Focus on your work, your achievements, and your goals. 

Don’t be discouraged if there’s someone in the private group posting about how wonderful they feel after three weeks without alcohol, while you’re still struggling. 

All you can do is show up for your life and your sobriety every day. 

10. Putting yourself on an unknowable timeline. 

This relates to not comparing yourself or your journey to other people’s journey. One of the biggest drivers of past relapses for me was thinking that I just needed to make it one week or two weeks or one month and then things would be fine. 

And sometimes I’d do it. I’d white knuckle and struggle my way to that arbitrary benchmark. Then, one of two things would happen. 

Either I’d get there and realize that I still felt horrible and miserable, and drink. Or I’d feel pretty good, believe myself to be “cured,” and then drink. 

Boom! Right back where I started. 

Don’t make the same mistake. 

Milestones are fine, but don’t place unrealistic expectations on them. Some people feel really good for one month and then hit a rough spot and have to fight tooth and nail for their sobriety. 

Other people go three months and say, “This sucks. I feel depressed and miserable. Sobriety isn’t working for me.” 

I don’t know when sobriety will “stick” for you. I just know that you’ll get there eventually. 

Do not romanticize these little deadlines, thinking that if you can just make it X amount of months without alcohol, everything will be fine. 

That’s not how this works. 

Yes, the longer you stay away from alcohol, the less you will crave it. But the absence of cravings doesn’t cure any of your other “stuff.” 

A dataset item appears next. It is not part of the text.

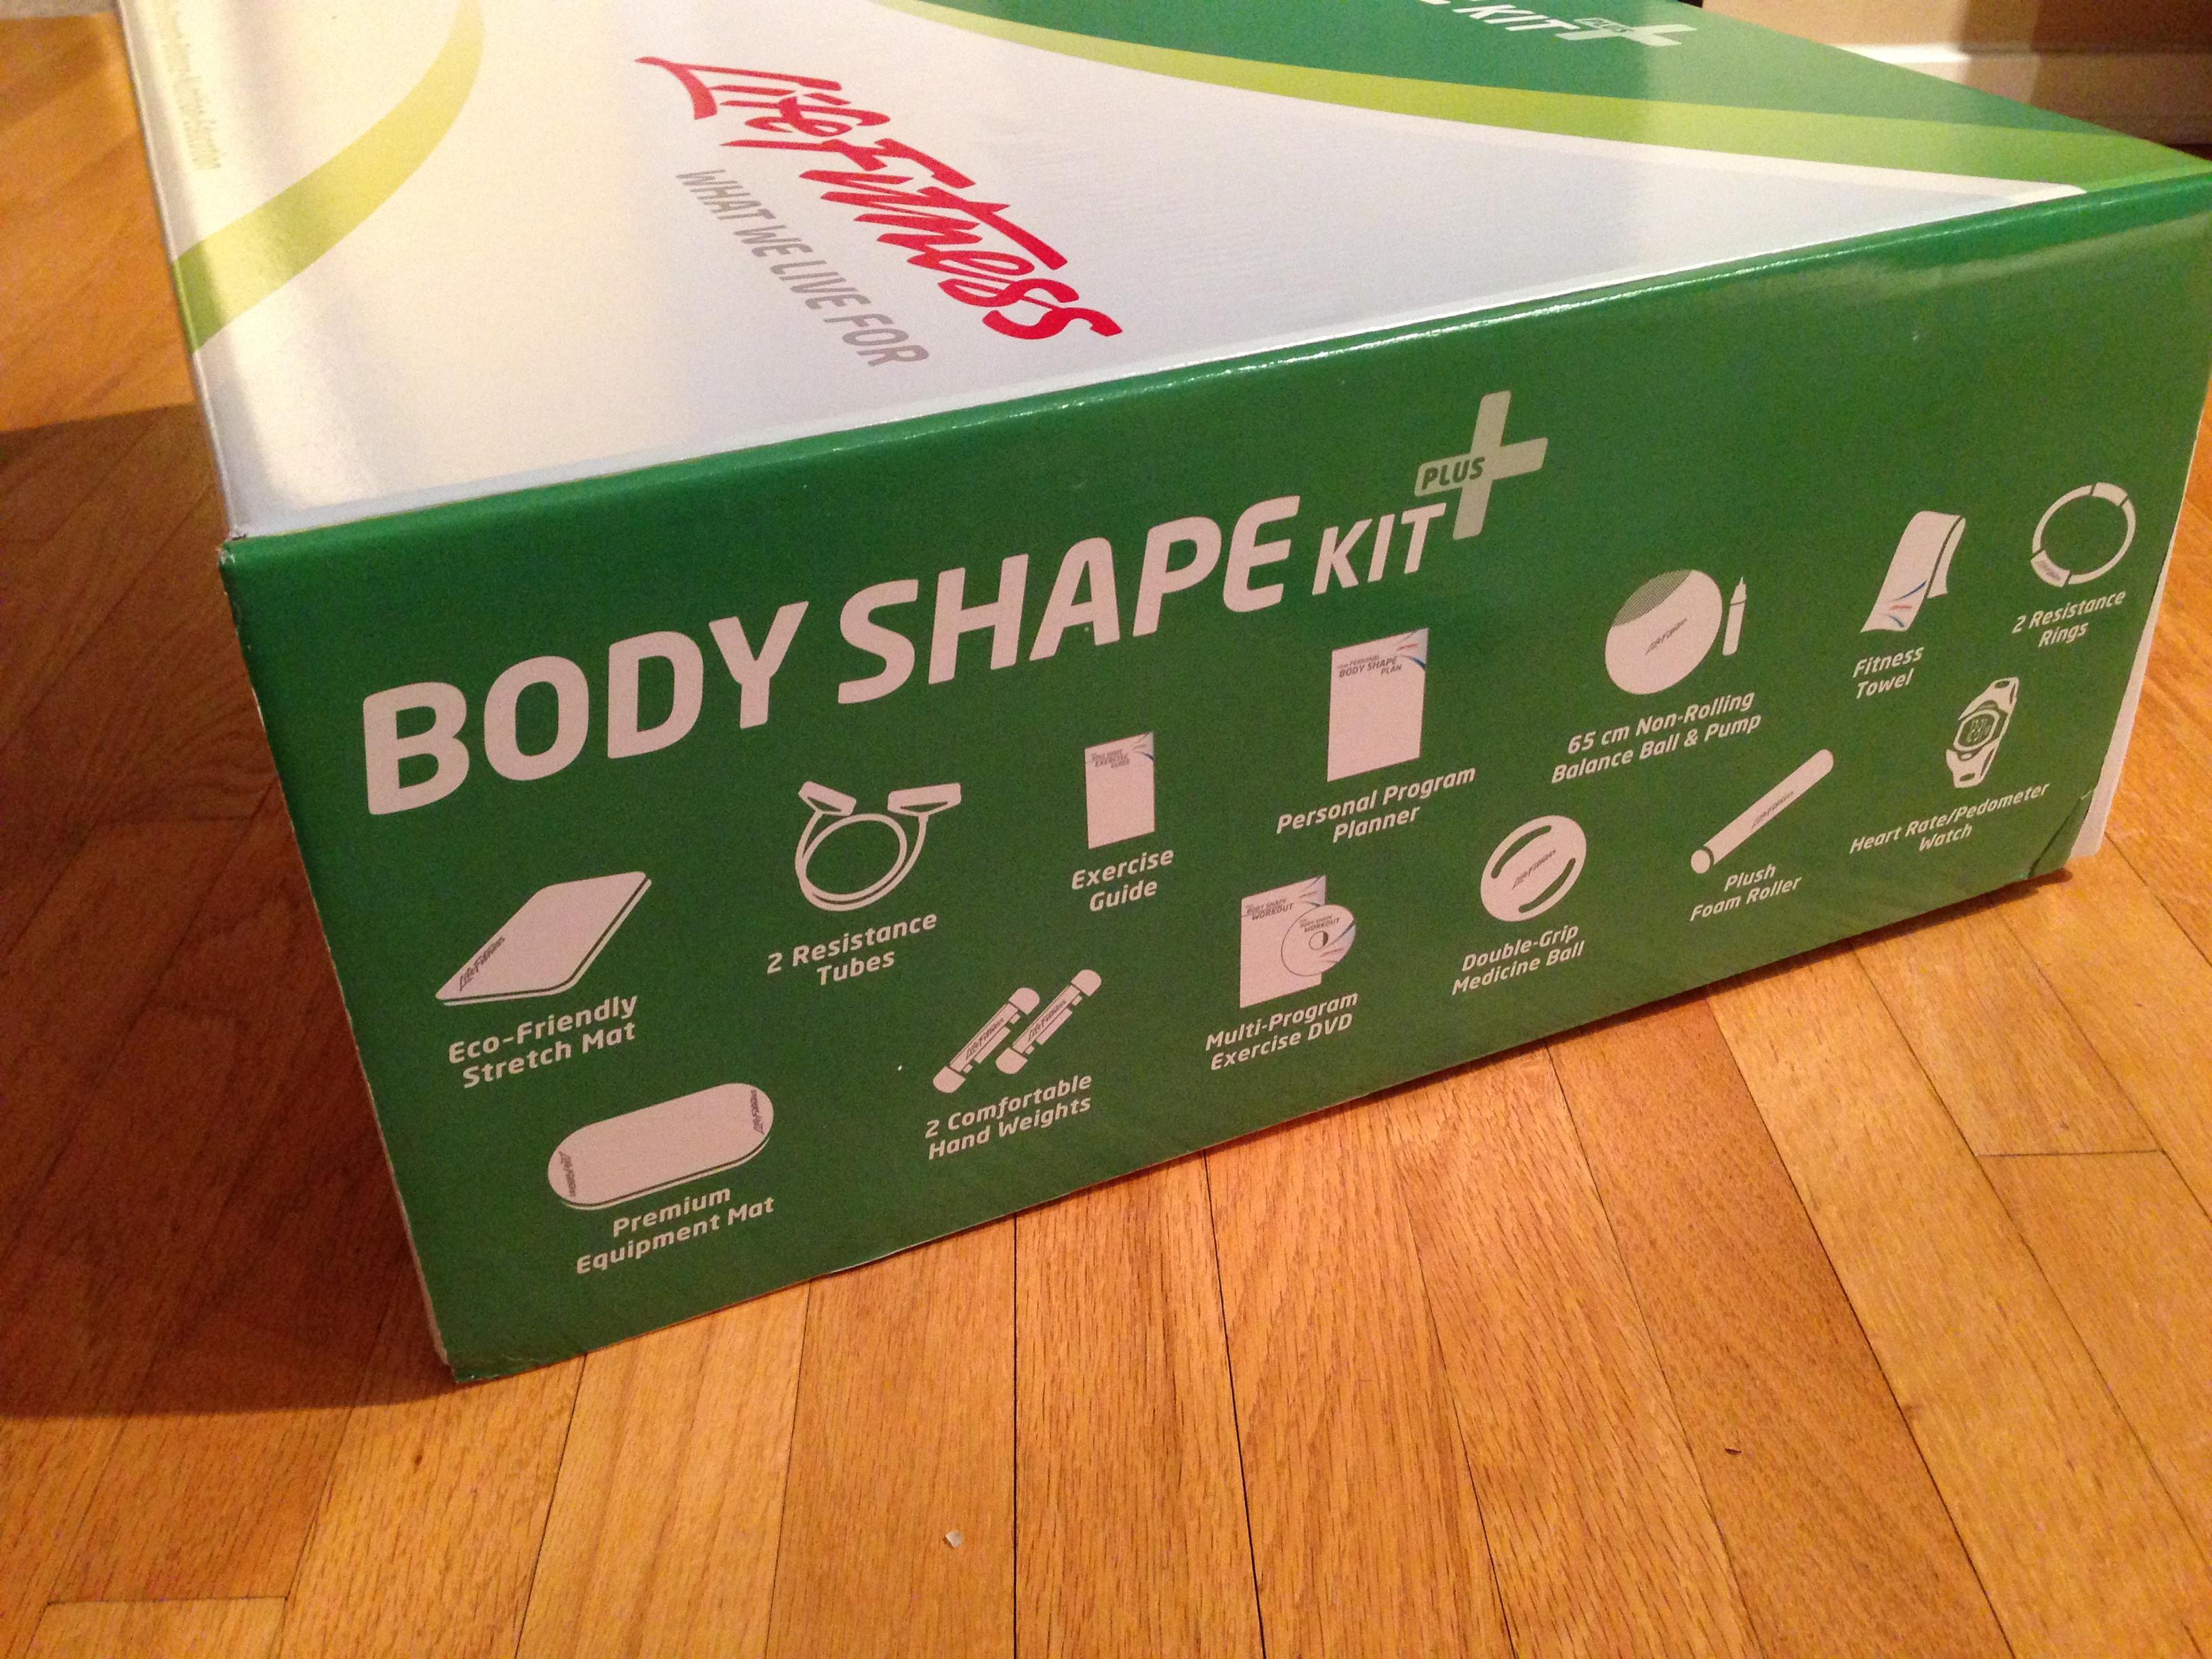 Life Fitness Body Shape Kit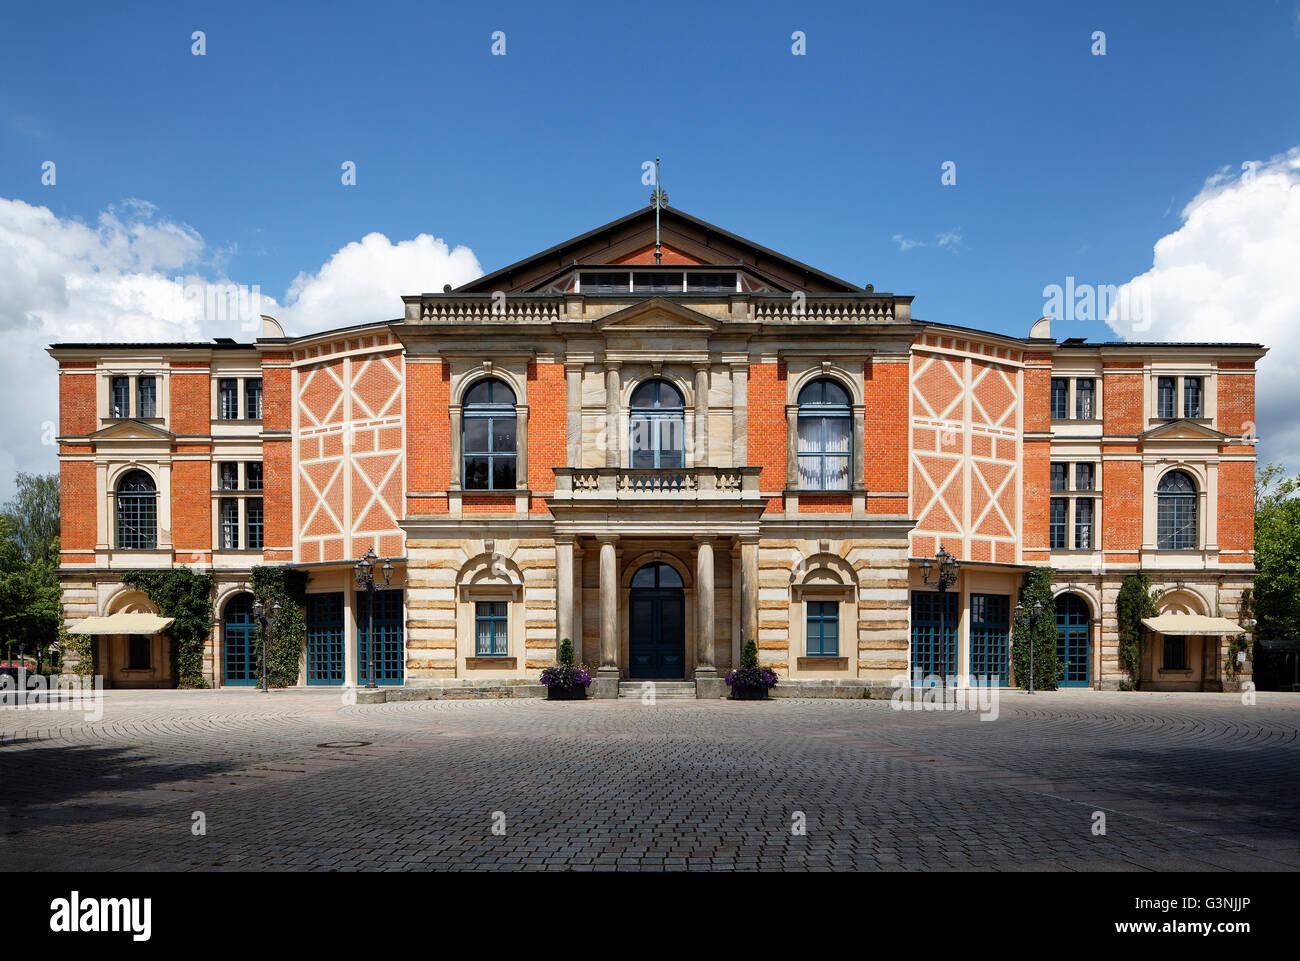 Bayreuther Festspielhaus, Richard-Wagner-Festspiele, Bayreuther Festspiele, Festival Hill, Bayreuth, Oberfranken, Stockbild

That healing journey has to be worked on consistently over time. It is ongoing. And I don’t say that to discourage you or make you feel like there’s no end in sight. 

I feel great! No matter how badly I wanted it, I could not have imagined ten years ago that I’d be approaching eight years without alcohol or cigarettes. 

But I still have problems and things I work on. And you will too, but you’ll be better equipped to tackle them without alcohol.